UBS Begins Planned Job Cuts Amid Planned Restructuring

Tom Burroughes Group Editor London 19 May 2021


As many as 700 jobs could be cut in Switzerland, the report said.

UBS has begun a round of job cuts across divisions including wealth management as part of a restructuring plan designed to erase $1.0 billion in costs over the next three years, Bloomberg reported earlier this week.

The reductions are taking place in the investment bank, wealth management unit and Swiss business, ranging from managing director to junior employees, the news service reported, citing unnamed sources.

The Zurich-listed bank declined to comment on the story when contacted by this publication, other than reiterate the point it made last month that its restructuring amounts to cost savings of around $300 million and that it is broad-based across the group and across geographies.

The newswire said that over the next three years, as many as 700 positions are expected to be axed in Switzerland alone, with the bulk at the corporate cost centre and about 200 between wealth management and the bank’s Swiss unit for personal and corporate banking. This is in addition to about 125 cuts still to come from a previous wealth restructuring.

Ralph Hamers, CEO, who is in his first year in the role, is pushing to increase digitising UBS’s operations. As part of that move, the bank appointed Mike Darganas as chief digital and information officer at the start of May.

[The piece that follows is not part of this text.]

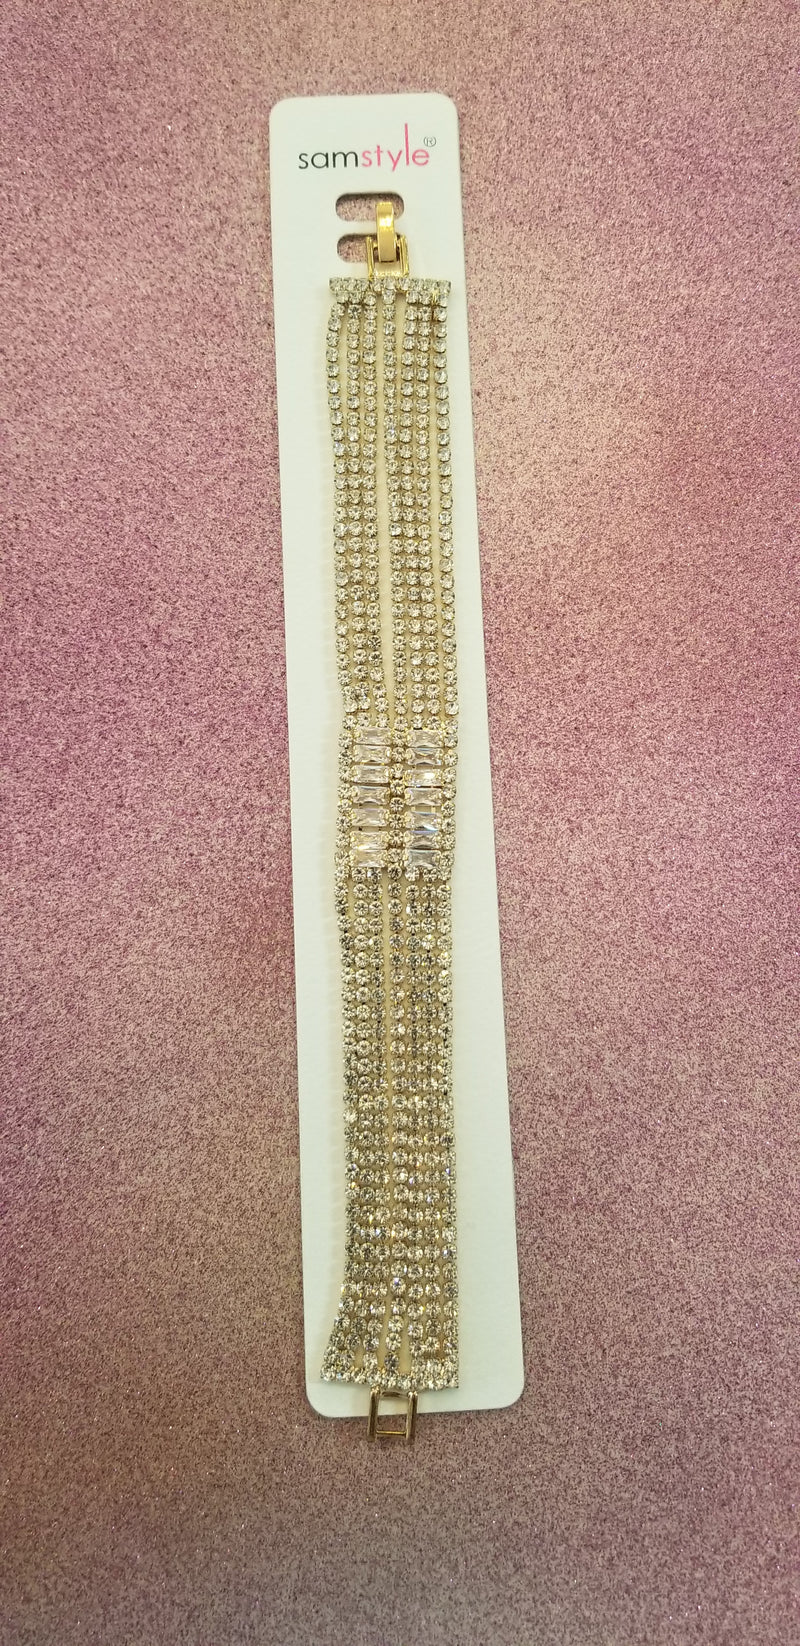 Rhinestone Crystal Bracelet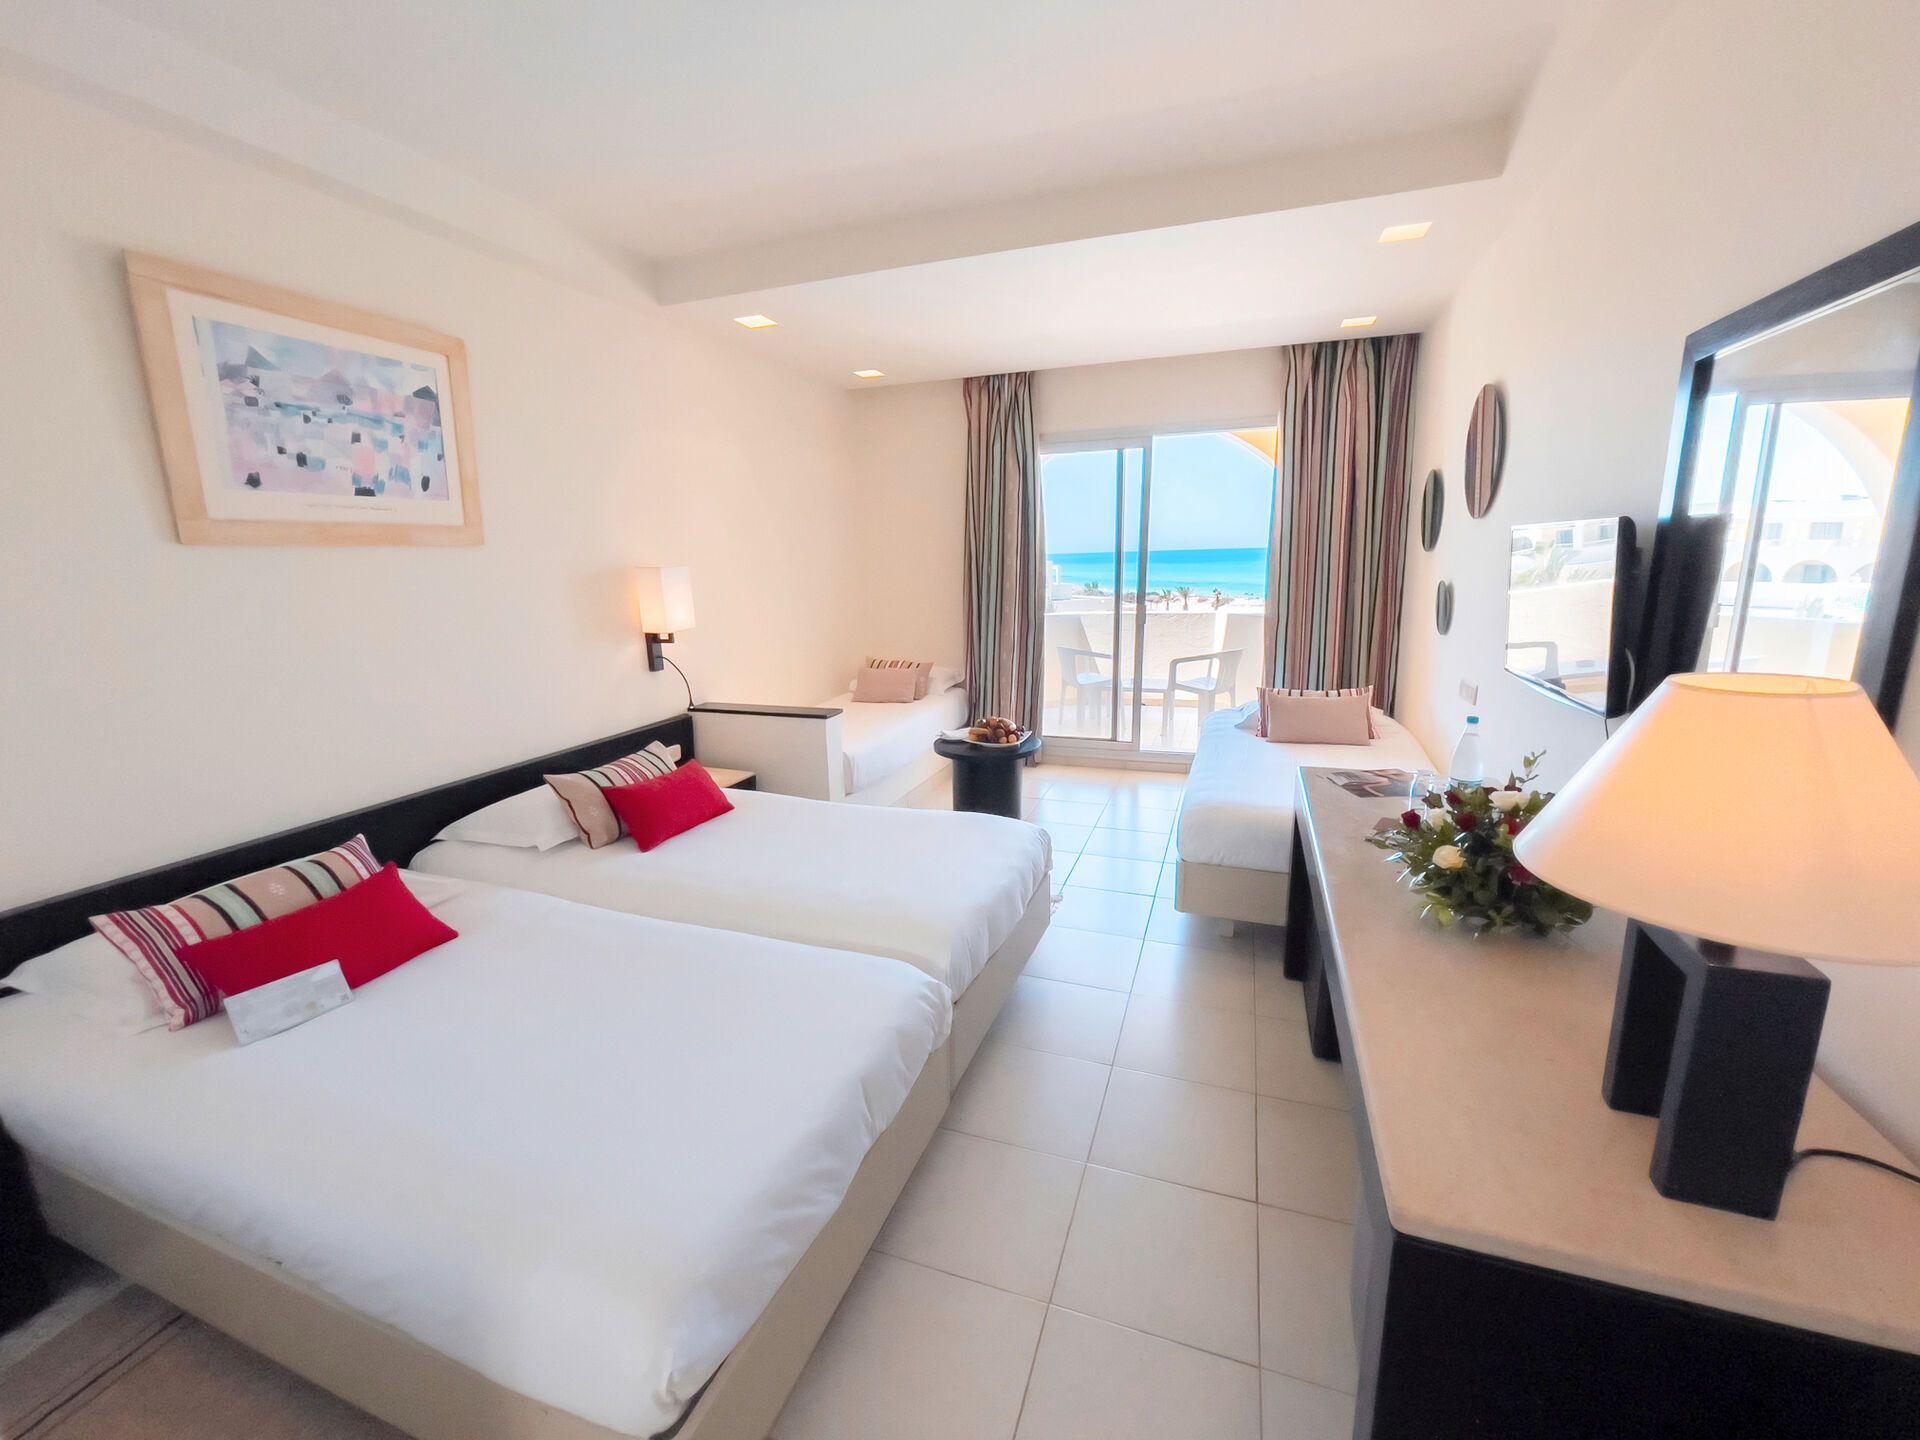 Tunisie - Djerba - Hotel Vincci Dar Midoun 4*

Another change that was announced in the Q1 results, starting with the Q1 figures, was that UBS would be introducing net new fee-generating assets as a new performance measure for the global wealth management arm. This measure is designed to capture growth in clients’ invested assets from net flows related to mandates, investment funds with recurring fees, hedge funds and private markets investments, combined with dividend and interest payments into mandates, less fees paid to UBS by clients. 

Compared with net new money, net new fee-generating assets exclude flows related to assets that primarily generate revenues when traded in the form of commissions and transaction spreads, or borrowed against in the form of net interest income; it will also exclude deposit flows that generate net interest income, and custody positions that generate custody fees.